A message for all those unruly costumed characters harassing tourists in Times Square: You just made Santa’s naughty list.
As International Business Times reported last week, New York City lawmakers are mulling legislation aimed at cracking down on the swarms of Mickeys, Elmos, Spider-Mans and other costumed nuisances whose aggressive panhandling has local residents and tourists fed up. In response to our report, we received an email from none other than Jolly Old St. Nick himself.
No, it wasn’t a joke.
Santa Claus is the legal name of a volunteer child advocate who lives in the town of North Pole, Alaska. A practicing Christian monk, Claus changed his name a decade ago after experiencing what he believes was a sign from God. These days he spends most of his time speaking with state, local and federal lawmakers and advocating for stronger child-protection laws.
Claus contacted IBTimes to express his support for legislation that would make Times Square safer for children. While he lives in Alaska now, New York City is close to his heart. He completed his doctoral coursework at New York University, where he attended more than three decades ago, and he even served under Mayor John Lindsay as a special assistant to the city’s deputy police commissioner.

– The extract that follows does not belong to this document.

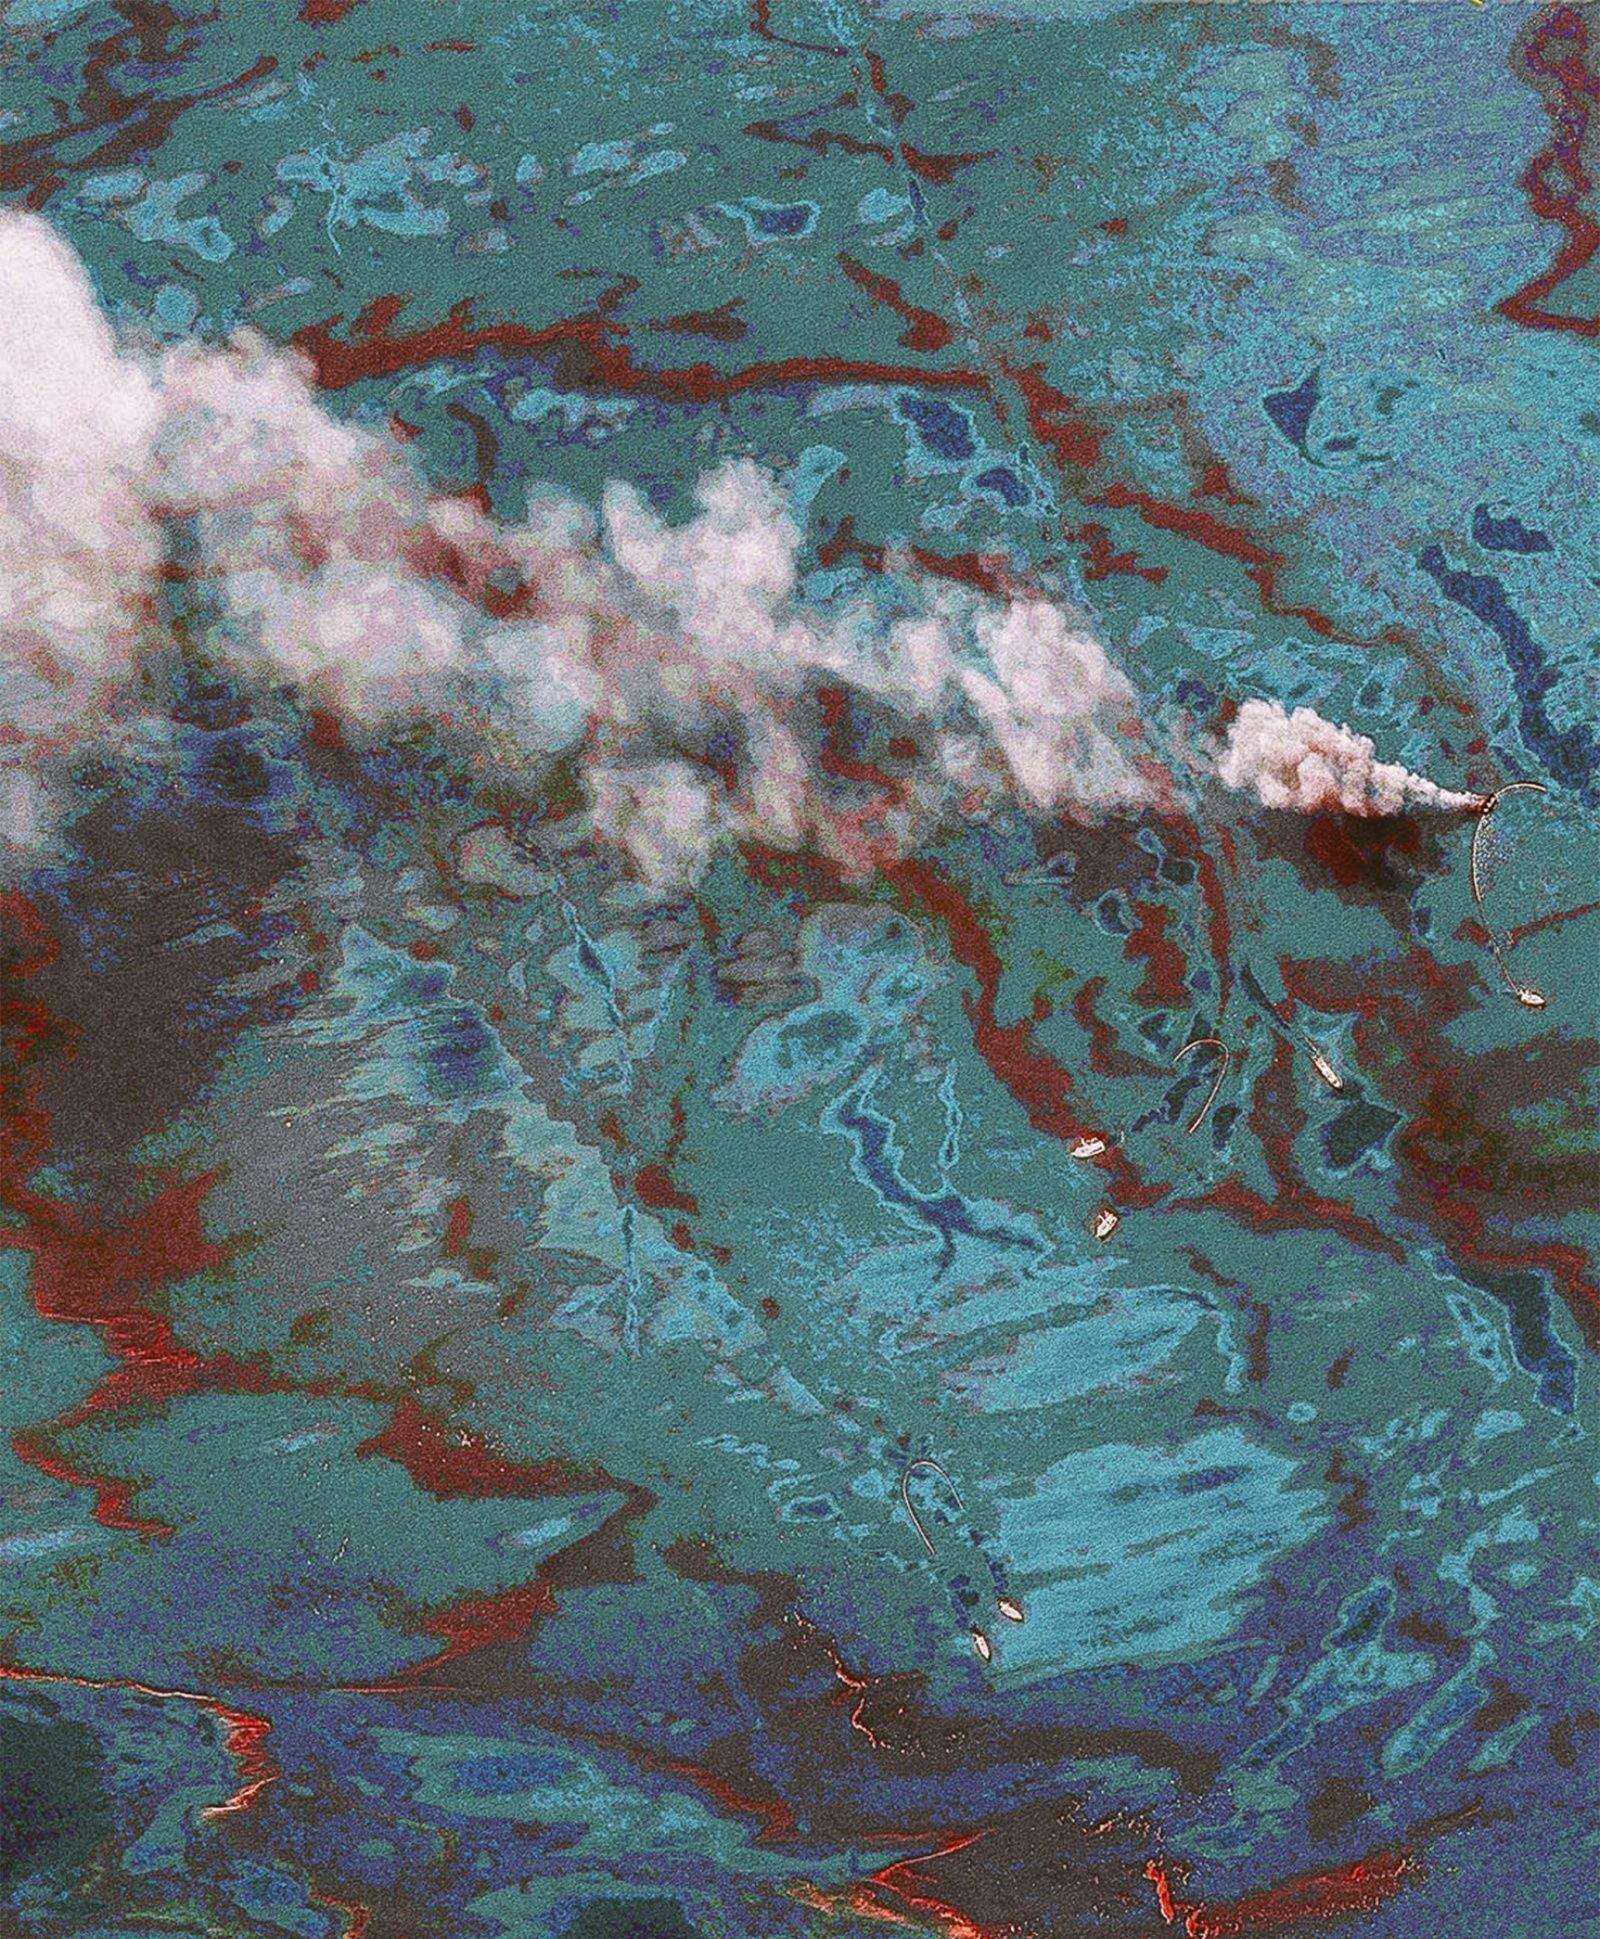 Satellite image showing cleanup in the Gulf of Mexico. (Photo downloaded from aerialwallpapers.tumblr.com)

Claus offered to speak in greater detail about what he thinks should be done about the Times Square costume mob, so we took him up on it. It’s the middle of July -- what better time for a Q&A with Father Christmas?
Claus spoke with International Business Times by phone on Friday from his home in North Pole, Alaska.
International Business Times: Thank you for speaking with me. When was the last time you were in Times Square?
Santa Claus: It’s been a few years.
IBT: Well, in the last two or three years, it’s gotten considerably worse. There are literally dozens of these costumed characters on any given day, and they’re very aggressive. I was there recently and there was a Spider-Man in a dirty costume snapping tourists with a rubber band. What can we do about this?
Claus: I would personally like to see legislation that requires costumed characters -- particularly if their faces are hidden -- to be licensed and bonded, so people have some recourse. Going through the bonding process is particularly rigorous. Then, if they misbehave, there’s a way of securing monetary damages.
IBT: What about the idea that it’s a First Amendment issue, and people generally have a right to walk around in a costume on a public street?
Claus: They do. But when they’re working with children, in particular, I think there should be more protections. I think they should be vetted pretty thoroughly first. From a child advocate’s perspective, I would like to see children, the elderly and infirmed protected from people whose faces you can’t even see.
IBT: Some people would argue that harassment is already illegal, so why do we need special legislation targeting just people who dress up in costumes?
Claus: Well, it’s a lot harder to hold people accountable if you can’t tell who they are.
IBT: I would imagine Disney doesn’t like the idea that people dressed up as Mickey Mouse are walking around half-drunk, but they don’t seem interested in talking about this issue. One state senator has called on the companies that own the copyrights to these characters to get more involved. What do you think about that?
Claus: I think it probably isn’t worth them opening up that can of worms -- being countersued by whoever the person is dressing up as one of their characters.
IBT: Do think this puts a bad light on people in general dressing up in costumes and street performing?
Claus: There’s a difference between [what’s happening in Times Square] and busking, a huge difference. We’ve seen buskers through the years and they are, for the most part, pretty harmless.
IBT: Have you heard of SantaCon? That seems to get bigger and rowdier every year.
Claus: Yeah, I don’t do any of that stuff.
IBT: Why did you change your name to Santa Claus and move to Alaska?
Claus: I changed my name when I still lived in Lake Tahoe. I’d been a child advocate for a while before that, but often it’s tough to get the attention of legislators. As you well know, it’s nice to have a good hook for a story. But it’s tough saying, “Hi, this is Santa from Lake Tahoe.” So I thought if I want to get a bigger bang for the name, all I have to do is move to the North Pole.
IBT: Do you get letters from kids telling you what they want for Christmas?
Claus: I try to discourage it. Since I’ve been doing this a long time, I basically make it difficult for them to find my address.
IBT: Do they find you on Facebook?
Claus: Yeah, sometimes. If they do it on my page, I’ll delete it, because I have a request at the top of the page saying, “Please do not send me a request for presents.” And believe it or not, with 293,000 or so followers, I’ve already blocked about 6,000. You’ll get people writing “You fat bastard,” you know, that kind of stuff, every once in a while.
IBT: Thank you again. I actually think this is an important issue, because it has made Times Square less pleasant, in my opinion. Whether it’s this legislation or something else, I hope they figure out a way to deal with it.
Claus: I just had a funny thought. What if the police department dressed up like the Avengers and went in there and rounded these people up?
IBT: I think that would make an incredible YouTube video.
Claus: You know who could shoot the video is Jimmy Kimmel.